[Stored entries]
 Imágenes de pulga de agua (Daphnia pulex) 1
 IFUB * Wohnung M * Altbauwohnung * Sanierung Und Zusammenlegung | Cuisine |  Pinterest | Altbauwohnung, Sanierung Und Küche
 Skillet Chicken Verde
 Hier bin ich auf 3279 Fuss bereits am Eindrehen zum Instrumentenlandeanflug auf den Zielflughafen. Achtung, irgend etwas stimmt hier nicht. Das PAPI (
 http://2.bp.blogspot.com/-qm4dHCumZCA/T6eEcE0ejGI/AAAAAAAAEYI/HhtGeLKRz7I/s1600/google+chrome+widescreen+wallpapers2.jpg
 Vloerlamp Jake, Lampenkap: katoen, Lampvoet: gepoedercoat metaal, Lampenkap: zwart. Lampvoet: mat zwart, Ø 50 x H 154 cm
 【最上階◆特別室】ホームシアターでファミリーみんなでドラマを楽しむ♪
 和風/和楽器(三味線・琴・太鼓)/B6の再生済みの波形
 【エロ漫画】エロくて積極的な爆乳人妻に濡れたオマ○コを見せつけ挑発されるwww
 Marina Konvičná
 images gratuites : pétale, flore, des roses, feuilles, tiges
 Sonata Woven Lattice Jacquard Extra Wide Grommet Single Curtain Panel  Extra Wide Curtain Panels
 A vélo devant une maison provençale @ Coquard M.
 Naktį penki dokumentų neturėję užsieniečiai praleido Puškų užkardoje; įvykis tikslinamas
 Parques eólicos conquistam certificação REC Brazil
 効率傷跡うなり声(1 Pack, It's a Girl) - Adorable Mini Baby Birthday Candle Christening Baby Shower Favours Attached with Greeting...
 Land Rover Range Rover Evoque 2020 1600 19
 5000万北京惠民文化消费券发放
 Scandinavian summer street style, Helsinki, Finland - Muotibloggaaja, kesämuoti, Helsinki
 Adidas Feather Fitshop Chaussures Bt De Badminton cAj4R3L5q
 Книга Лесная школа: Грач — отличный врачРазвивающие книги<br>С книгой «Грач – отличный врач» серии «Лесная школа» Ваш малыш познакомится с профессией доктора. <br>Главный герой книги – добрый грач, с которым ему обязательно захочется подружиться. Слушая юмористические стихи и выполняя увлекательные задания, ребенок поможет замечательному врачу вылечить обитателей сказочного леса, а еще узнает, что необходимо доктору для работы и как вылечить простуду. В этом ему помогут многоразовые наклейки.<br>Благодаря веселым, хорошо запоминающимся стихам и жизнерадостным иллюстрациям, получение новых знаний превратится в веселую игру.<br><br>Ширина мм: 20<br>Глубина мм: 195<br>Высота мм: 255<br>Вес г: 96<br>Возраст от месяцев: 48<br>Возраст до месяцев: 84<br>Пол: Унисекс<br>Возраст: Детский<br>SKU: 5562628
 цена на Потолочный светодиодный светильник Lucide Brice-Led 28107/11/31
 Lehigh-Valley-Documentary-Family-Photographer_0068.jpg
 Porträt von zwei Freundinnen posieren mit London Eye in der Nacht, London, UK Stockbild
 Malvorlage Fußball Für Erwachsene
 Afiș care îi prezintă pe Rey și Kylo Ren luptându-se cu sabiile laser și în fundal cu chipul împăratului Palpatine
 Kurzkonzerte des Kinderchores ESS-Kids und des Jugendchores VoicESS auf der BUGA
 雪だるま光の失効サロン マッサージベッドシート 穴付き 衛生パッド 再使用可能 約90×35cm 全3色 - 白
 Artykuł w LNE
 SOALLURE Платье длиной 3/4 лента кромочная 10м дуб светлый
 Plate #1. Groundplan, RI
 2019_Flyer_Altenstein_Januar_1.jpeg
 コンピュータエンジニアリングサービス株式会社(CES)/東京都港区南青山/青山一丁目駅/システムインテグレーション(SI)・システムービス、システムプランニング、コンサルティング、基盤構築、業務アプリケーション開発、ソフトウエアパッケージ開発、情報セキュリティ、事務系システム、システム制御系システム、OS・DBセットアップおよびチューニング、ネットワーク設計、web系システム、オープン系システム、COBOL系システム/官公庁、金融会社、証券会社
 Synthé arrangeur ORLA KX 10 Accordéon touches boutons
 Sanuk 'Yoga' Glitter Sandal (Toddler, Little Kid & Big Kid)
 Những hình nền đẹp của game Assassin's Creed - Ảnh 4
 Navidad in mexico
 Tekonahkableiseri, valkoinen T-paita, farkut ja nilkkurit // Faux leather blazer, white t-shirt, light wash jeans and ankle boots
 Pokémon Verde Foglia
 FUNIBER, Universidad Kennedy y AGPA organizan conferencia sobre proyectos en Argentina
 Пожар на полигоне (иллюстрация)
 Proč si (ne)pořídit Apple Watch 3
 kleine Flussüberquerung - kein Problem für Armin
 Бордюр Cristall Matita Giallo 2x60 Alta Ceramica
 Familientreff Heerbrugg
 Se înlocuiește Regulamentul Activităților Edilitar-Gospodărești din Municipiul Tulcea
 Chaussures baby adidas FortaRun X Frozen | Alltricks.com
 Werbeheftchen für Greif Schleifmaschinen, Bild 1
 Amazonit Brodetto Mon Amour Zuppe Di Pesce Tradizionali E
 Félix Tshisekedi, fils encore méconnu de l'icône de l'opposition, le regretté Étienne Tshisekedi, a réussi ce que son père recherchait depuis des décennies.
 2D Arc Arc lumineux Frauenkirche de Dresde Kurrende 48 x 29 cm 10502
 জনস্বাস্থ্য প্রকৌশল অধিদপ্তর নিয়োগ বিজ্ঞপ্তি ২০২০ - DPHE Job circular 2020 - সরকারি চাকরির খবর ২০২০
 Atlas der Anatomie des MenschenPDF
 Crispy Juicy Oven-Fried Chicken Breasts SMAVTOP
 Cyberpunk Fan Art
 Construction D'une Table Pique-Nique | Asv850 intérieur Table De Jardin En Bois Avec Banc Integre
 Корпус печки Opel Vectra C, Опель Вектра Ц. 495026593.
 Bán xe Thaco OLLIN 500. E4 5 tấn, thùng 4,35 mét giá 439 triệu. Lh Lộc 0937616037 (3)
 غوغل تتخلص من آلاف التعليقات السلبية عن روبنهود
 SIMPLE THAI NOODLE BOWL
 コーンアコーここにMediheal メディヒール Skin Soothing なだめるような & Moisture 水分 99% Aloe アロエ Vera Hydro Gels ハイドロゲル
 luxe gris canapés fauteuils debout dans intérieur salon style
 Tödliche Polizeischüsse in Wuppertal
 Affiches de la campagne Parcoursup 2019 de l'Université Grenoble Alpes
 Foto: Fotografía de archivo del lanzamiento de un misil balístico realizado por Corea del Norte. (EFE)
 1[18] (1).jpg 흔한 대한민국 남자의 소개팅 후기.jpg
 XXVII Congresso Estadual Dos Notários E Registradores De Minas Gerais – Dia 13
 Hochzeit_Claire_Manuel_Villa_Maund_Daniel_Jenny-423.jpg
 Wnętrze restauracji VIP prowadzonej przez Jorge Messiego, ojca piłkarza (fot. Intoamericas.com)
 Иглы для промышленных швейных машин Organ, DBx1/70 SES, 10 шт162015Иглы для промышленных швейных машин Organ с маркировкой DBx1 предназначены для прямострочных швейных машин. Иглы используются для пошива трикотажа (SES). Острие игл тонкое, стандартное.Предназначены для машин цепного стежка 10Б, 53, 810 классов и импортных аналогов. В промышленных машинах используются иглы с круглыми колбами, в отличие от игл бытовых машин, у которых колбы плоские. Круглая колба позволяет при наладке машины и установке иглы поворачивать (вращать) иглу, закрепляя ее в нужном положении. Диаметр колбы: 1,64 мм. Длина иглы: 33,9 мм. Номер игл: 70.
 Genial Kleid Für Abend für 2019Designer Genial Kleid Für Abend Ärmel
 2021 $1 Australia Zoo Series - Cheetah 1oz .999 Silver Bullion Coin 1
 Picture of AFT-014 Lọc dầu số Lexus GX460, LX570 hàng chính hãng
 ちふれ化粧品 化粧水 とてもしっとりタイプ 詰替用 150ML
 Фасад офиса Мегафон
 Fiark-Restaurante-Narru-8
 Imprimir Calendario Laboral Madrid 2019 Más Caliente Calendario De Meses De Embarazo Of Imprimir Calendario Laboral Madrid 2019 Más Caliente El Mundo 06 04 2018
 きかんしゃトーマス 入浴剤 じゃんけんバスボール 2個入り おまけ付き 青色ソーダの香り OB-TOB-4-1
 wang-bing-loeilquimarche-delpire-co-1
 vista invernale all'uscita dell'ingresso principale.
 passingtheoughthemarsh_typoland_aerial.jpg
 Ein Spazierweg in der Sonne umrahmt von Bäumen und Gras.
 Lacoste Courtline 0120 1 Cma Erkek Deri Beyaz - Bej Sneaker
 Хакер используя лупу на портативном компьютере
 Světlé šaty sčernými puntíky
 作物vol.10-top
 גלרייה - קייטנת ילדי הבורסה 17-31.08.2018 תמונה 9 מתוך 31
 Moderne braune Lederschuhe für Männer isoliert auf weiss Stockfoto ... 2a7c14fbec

Your assignment:
Select every line in the records above that contains the word "Chaussures".

Your response:
 Adidas Feather Fitshop Chaussures Bt De Badminton cAj4R3L5q
 Chaussures baby adidas FortaRun X Frozen | Alltricks.com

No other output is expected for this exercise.